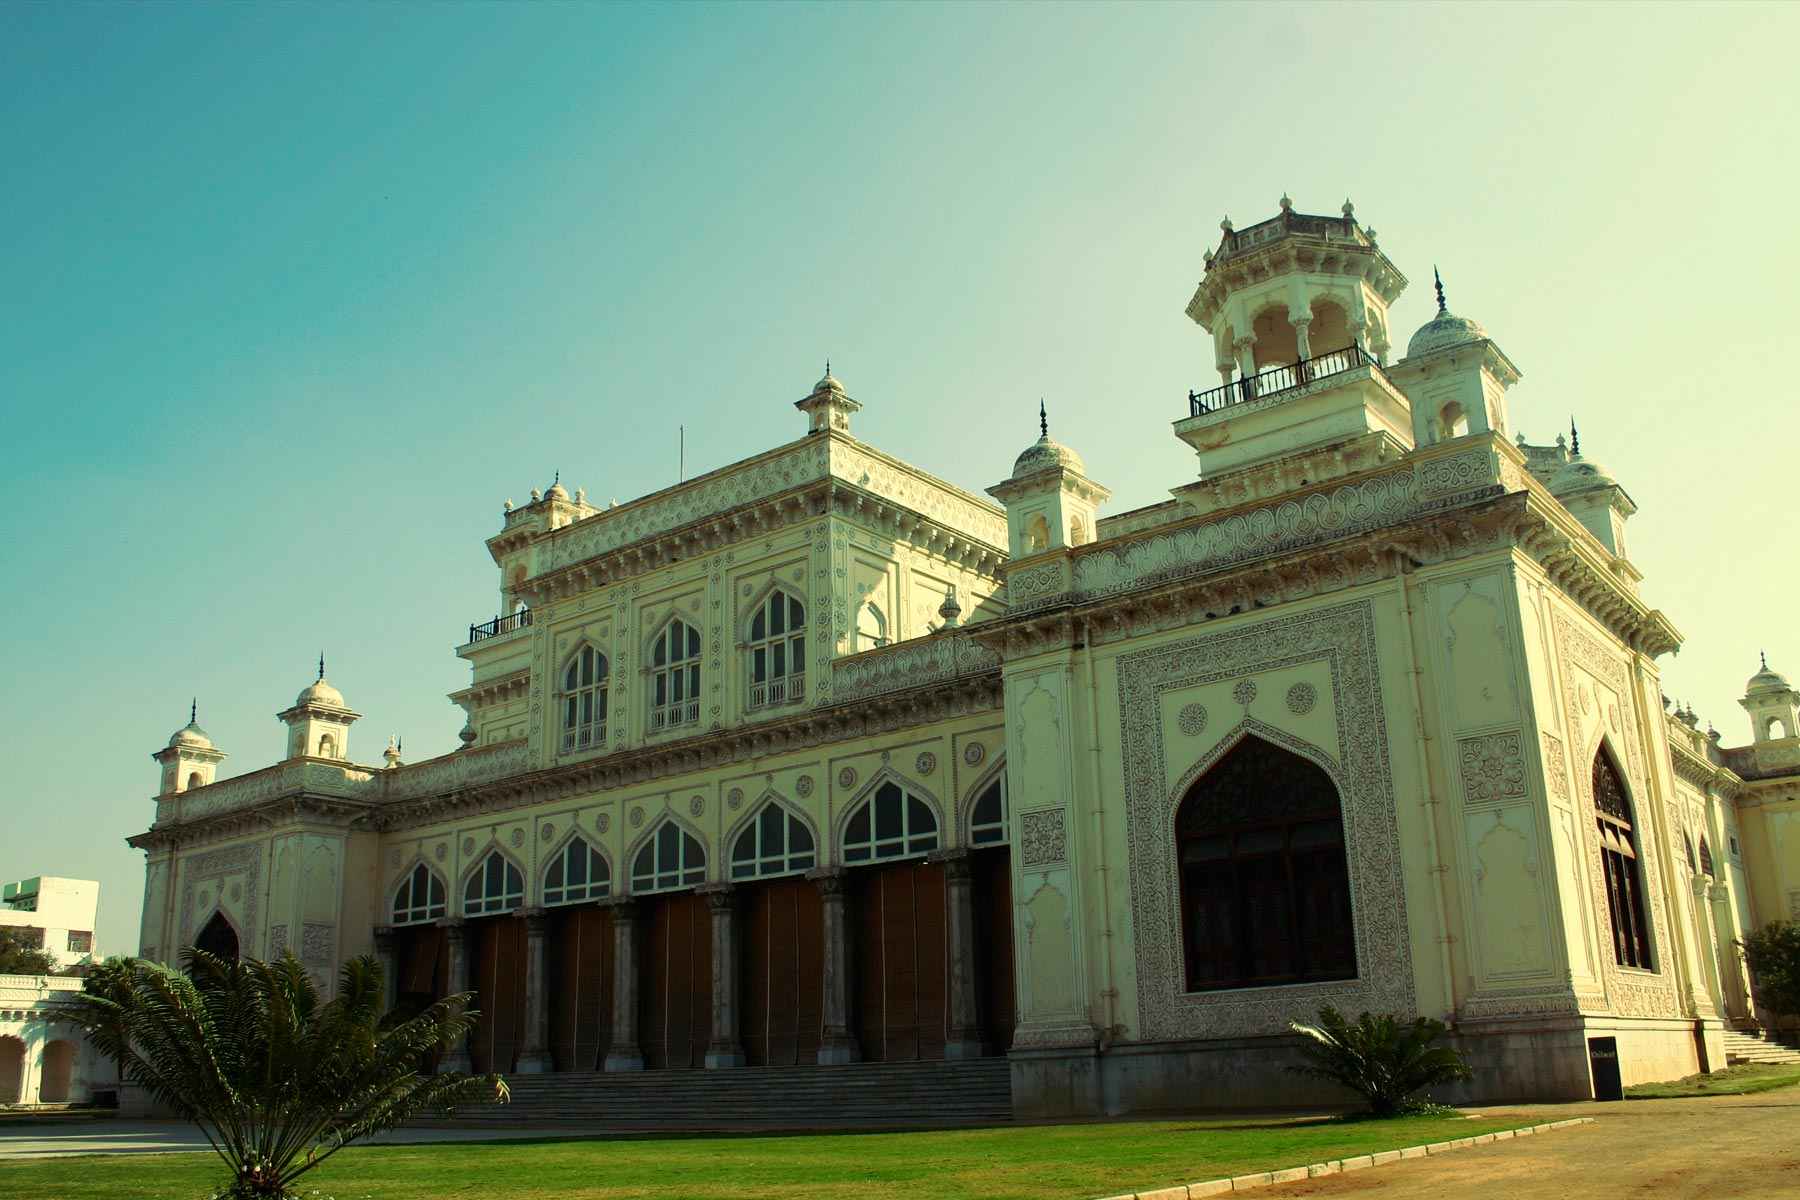 khilwat_palace_located_in_Old_hyderabad_city_a_nizam's_palace_4.jpg
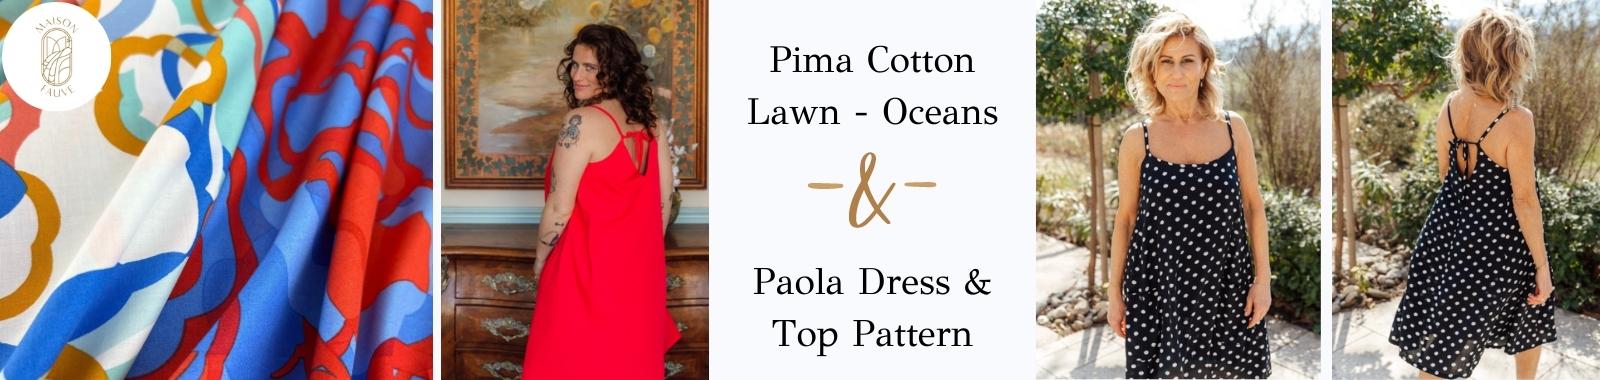 Oceans_And_Paola_Dress_Top_Pattern
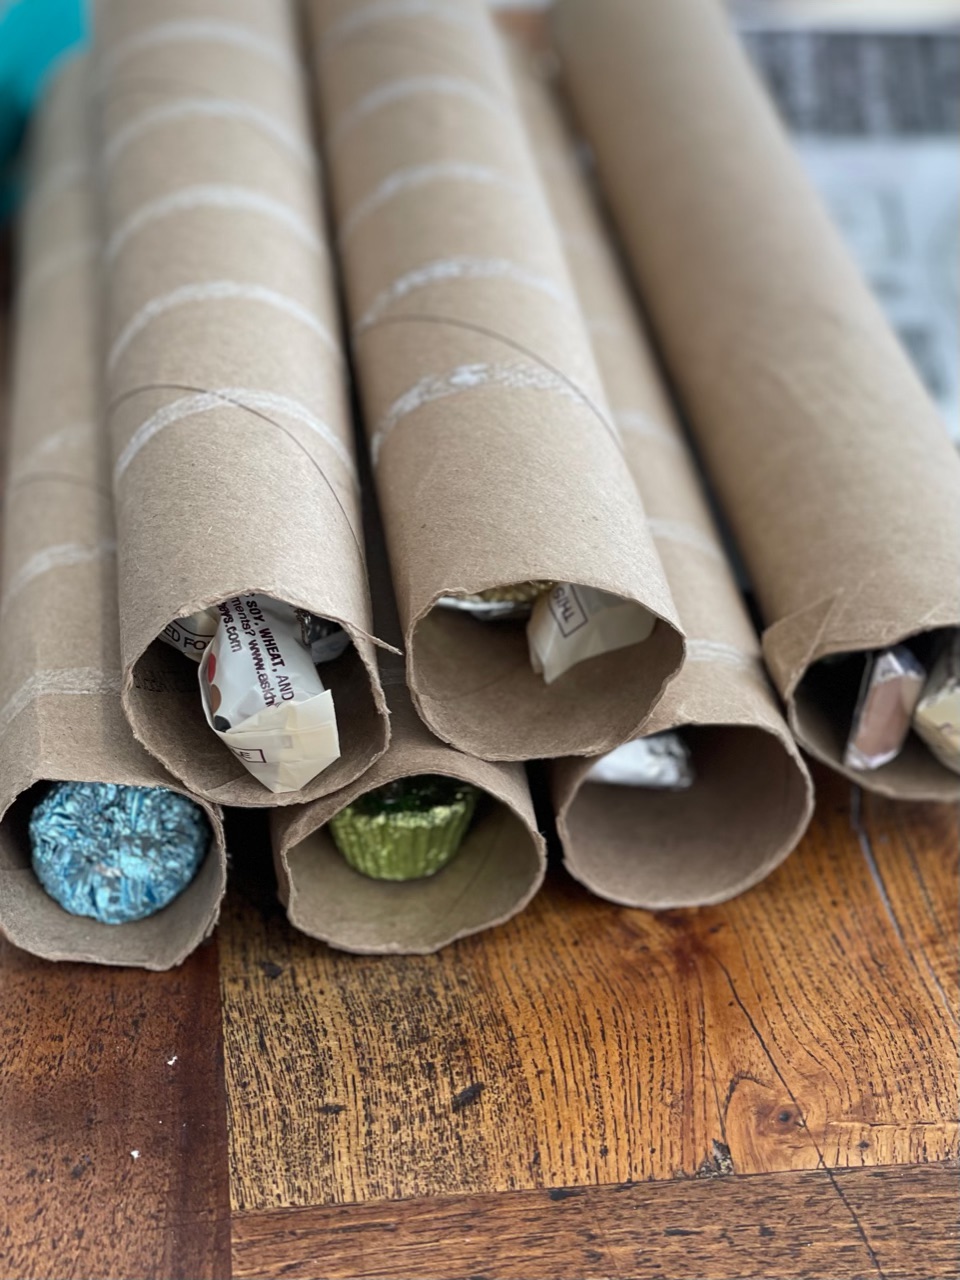 craft from paper towel rolls // ways to reuse/recycle empty tissue roll

Exercise:
The expected output is the full material above, unaltered, with pictures removed.

Answer to this exercise:
 khilwat_palace_located_in_Old_hyderabad_city_a_nizam's_palace_4.jpg
 Oceans_And_Paola_Dress_Top_Pattern
 craft from paper towel rolls // ways to reuse/recycle empty tissue roll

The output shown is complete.